# Stroke Prediction and Analysis

- Someone in the United States has a stroke every 40 seconds.
- Every year, more than 795,000 people in the United States have a stroke.

![](https://images.medicinenet.com/images/article/main_image/stroke-symptoms-and-treatment.jpg)

# The Purpose of notebook

In this notebook, I will analyze a dataset of people who have been tested for stroke.


# About this dataset

- `id`: unique identifier
- `gende`: "Male", "Female" or "Other"
- `age`: age of the patient
- `hypertension`: 0 if the patient doesn't have hypertension, 1 if the patient has hypertension
- `heart_disease`: 0 if the patient doesn't have any heart diseases, 1 if the patient has a heart disease
- `ever_married`: "No" or "Yes"
- `work_type`: "children", "Govt_jov", "Never_worked", "Private" or "Self-employed"
- `Residence_type`: "Rural" or "Urban"
- `avg_glucose_level`: average glucose level in blood
- `bmi`: body mass index
- `smoking_status`: "formerly smoked", "never smoked", "smokes" or "Unknown"*
- `stroke`: 1 if the patient had a stroke or 0 if not

## Imports libs 

In [None]:
import numpy as np # linear algebra
import pandas as pd # data processing, CSV file I/O (e.g. pd.read_csv)

# Charts
import matplotlib.pyplot as plt
import seaborn as sns
from scikitplot.estimators import plot_learning_curve
from sklearn.metrics import plot_confusion_matrix
from keras.utils.vis_utils import plot_model

#  Models
from tensorflow.keras.models import Sequential, load_model
from tensorflow.keras.layers import Dense, Dropout, Flatten
from tensorflow.keras.layers import Conv2D, MaxPool2D, BatchNormalization
from tensorflow.keras.callbacks import EarlyStopping, ReduceLROnPlateau, ModelCheckpoint
from sklearn.linear_model import LogisticRegression
from sklearn.tree import DecisionTreeClassifier
from sklearn.ensemble import RandomForestClassifier, GradientBoostingClassifier
from sklearn.neighbors import KNeighborsClassifier
from sklearn.svm import SVC
import xgboost as xgb
import lightgbm as lgbm
import catboost as ctb


# Preprocessing
from tensorflow.keras.utils import to_categorical
from sklearn.preprocessing import StandardScaler
from sklearn.preprocessing import RobustScaler
from sklearn.preprocessing import MinMaxScaler
from imblearn.over_sampling import SMOTE
from imblearn.combine import SMOTETomek 
from sklearn.preprocessing import LabelEncoder

# Scoring
from sklearn.metrics import classification_report
from sklearn.model_selection import train_test_split, cross_val_score, KFold, cross_validate, StratifiedKFold
from sklearn.metrics import make_scorer, f1_score, precision_score, recall_score, accuracy_score
from sklearn.metrics import classification_report, roc_curve, roc_auc_score, confusion_matrix

# Hyperparameters and features importance
from sklearn.model_selection import GridSearchCV
import eli5
from eli5.sklearn import PermutationImportance

# remove verison errors
import warnings
warnings.filterwarnings(action='ignore', category=UserWarning)

## Loading the dataset

In [None]:
path = '/kaggle/input/stroke-prediction-dataset/'

df_stroke = pd.read_csv(path + 'healthcare-dataset-stroke-data.csv')
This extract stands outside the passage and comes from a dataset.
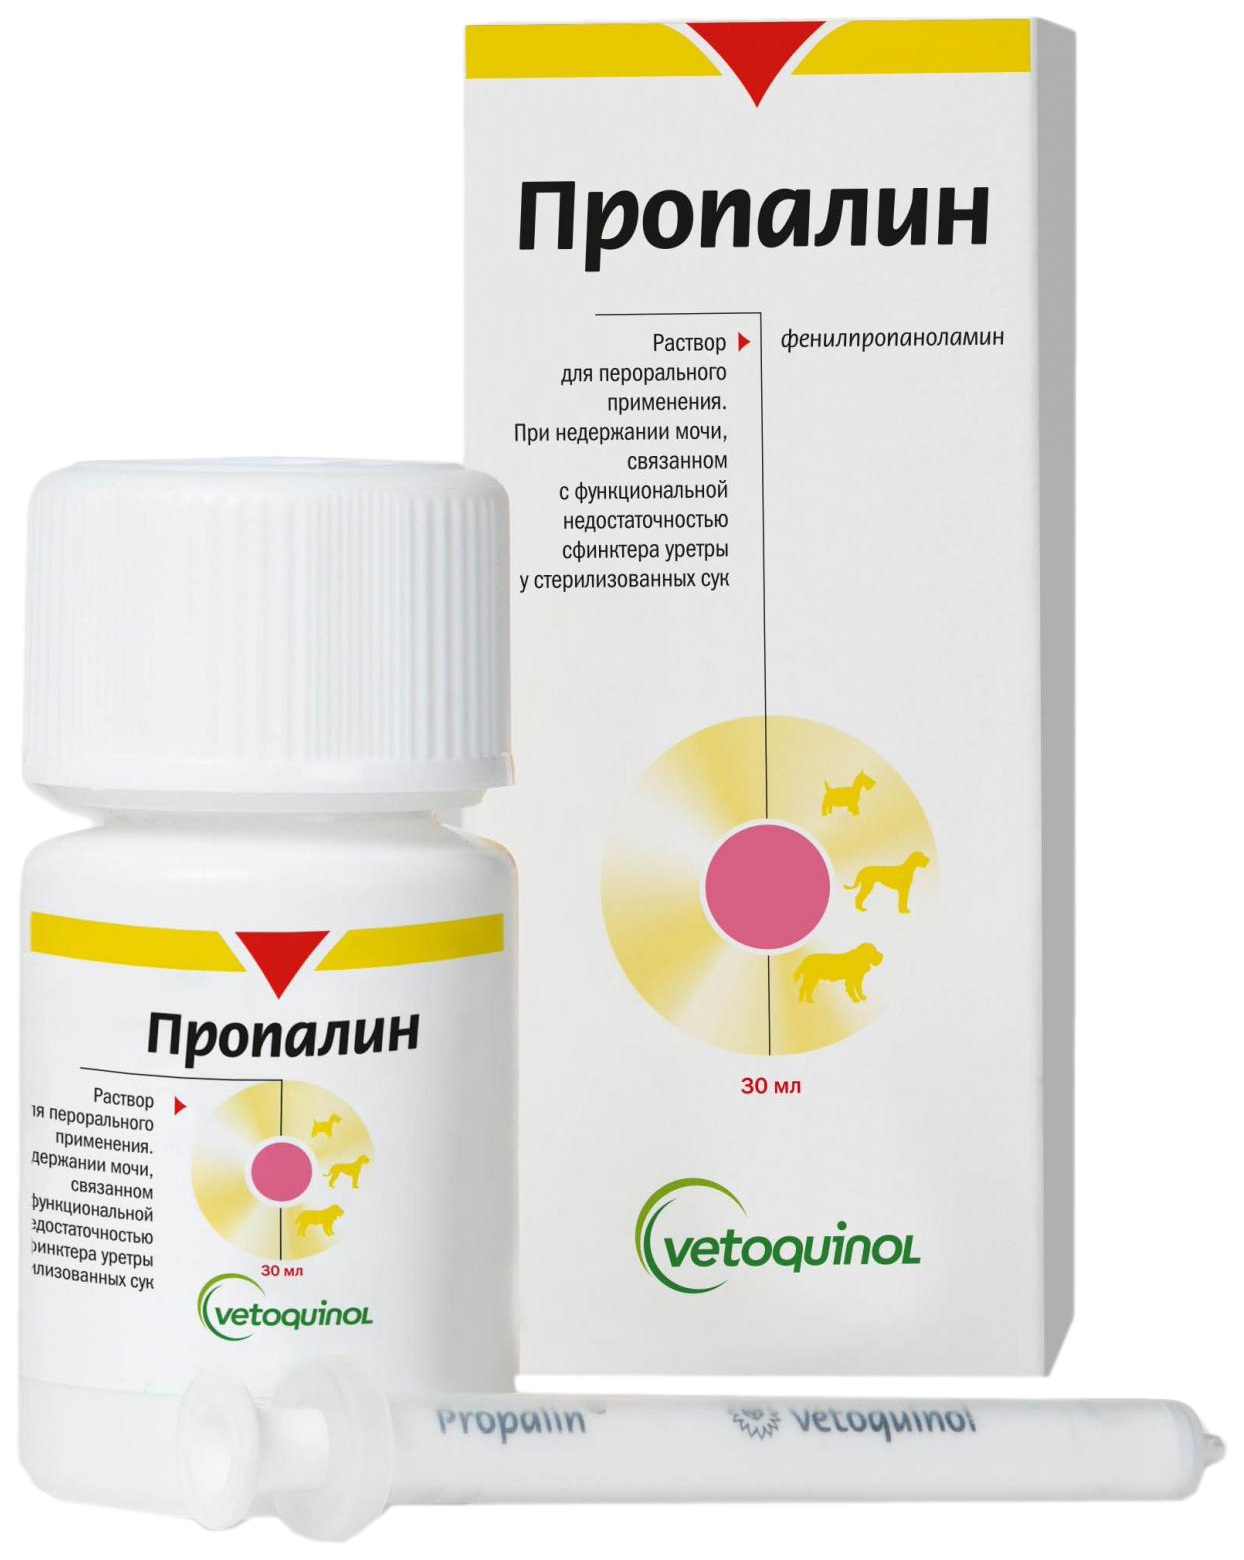 VETOQUINOL Пропалин сироп для собак 30 мл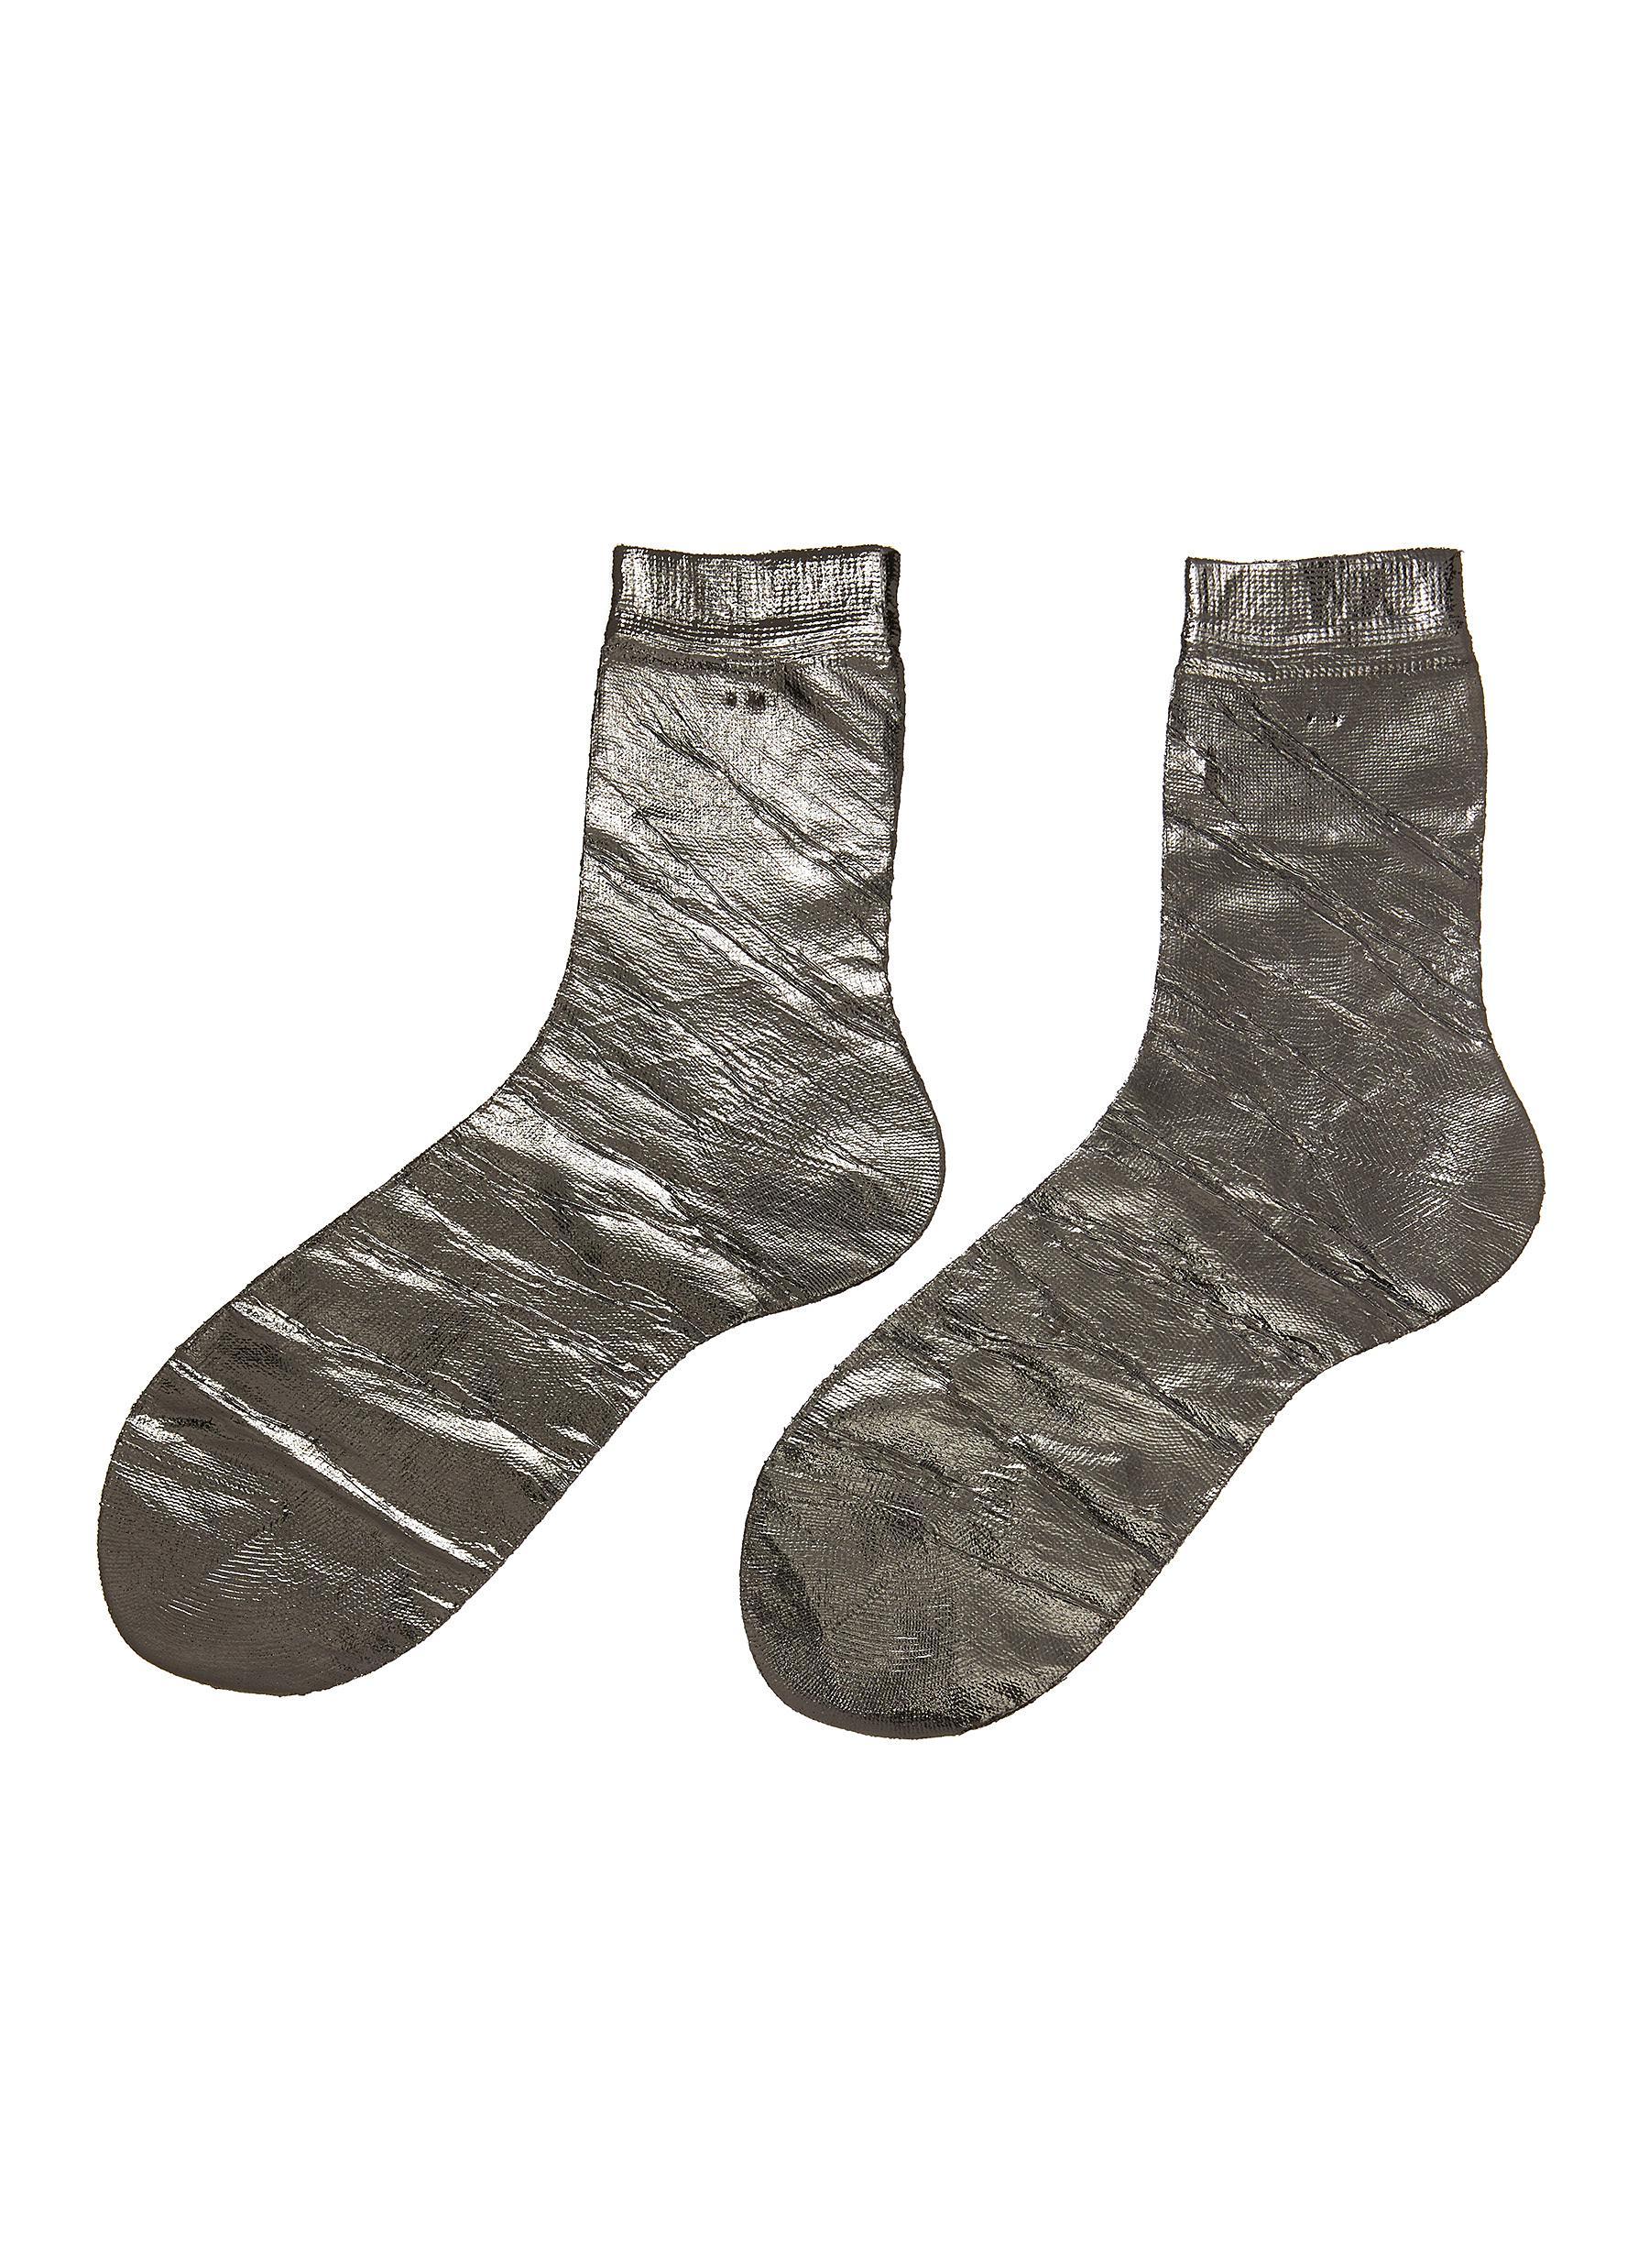 Laminated One' Foil Effect Silk Blend Crew Socks

## The size of the dataset

In [None]:
df_stroke.shape

# Exploratory data analysis

## Basic info about data

In [None]:
df_stroke.info()

## Sample data

In [None]:
df_stroke.sample(15)

## Checking missing values

In [None]:
df_stroke.isnull().sum().sum()

## Removing missing values

In [None]:
df_stroke.dropna(inplace=True)

## Checking duplicates

In [None]:
df_stroke.duplicated().sum()

#### Colors to charts

In [None]:
mycolors = ['red', 'blue', 'brown', 'orange']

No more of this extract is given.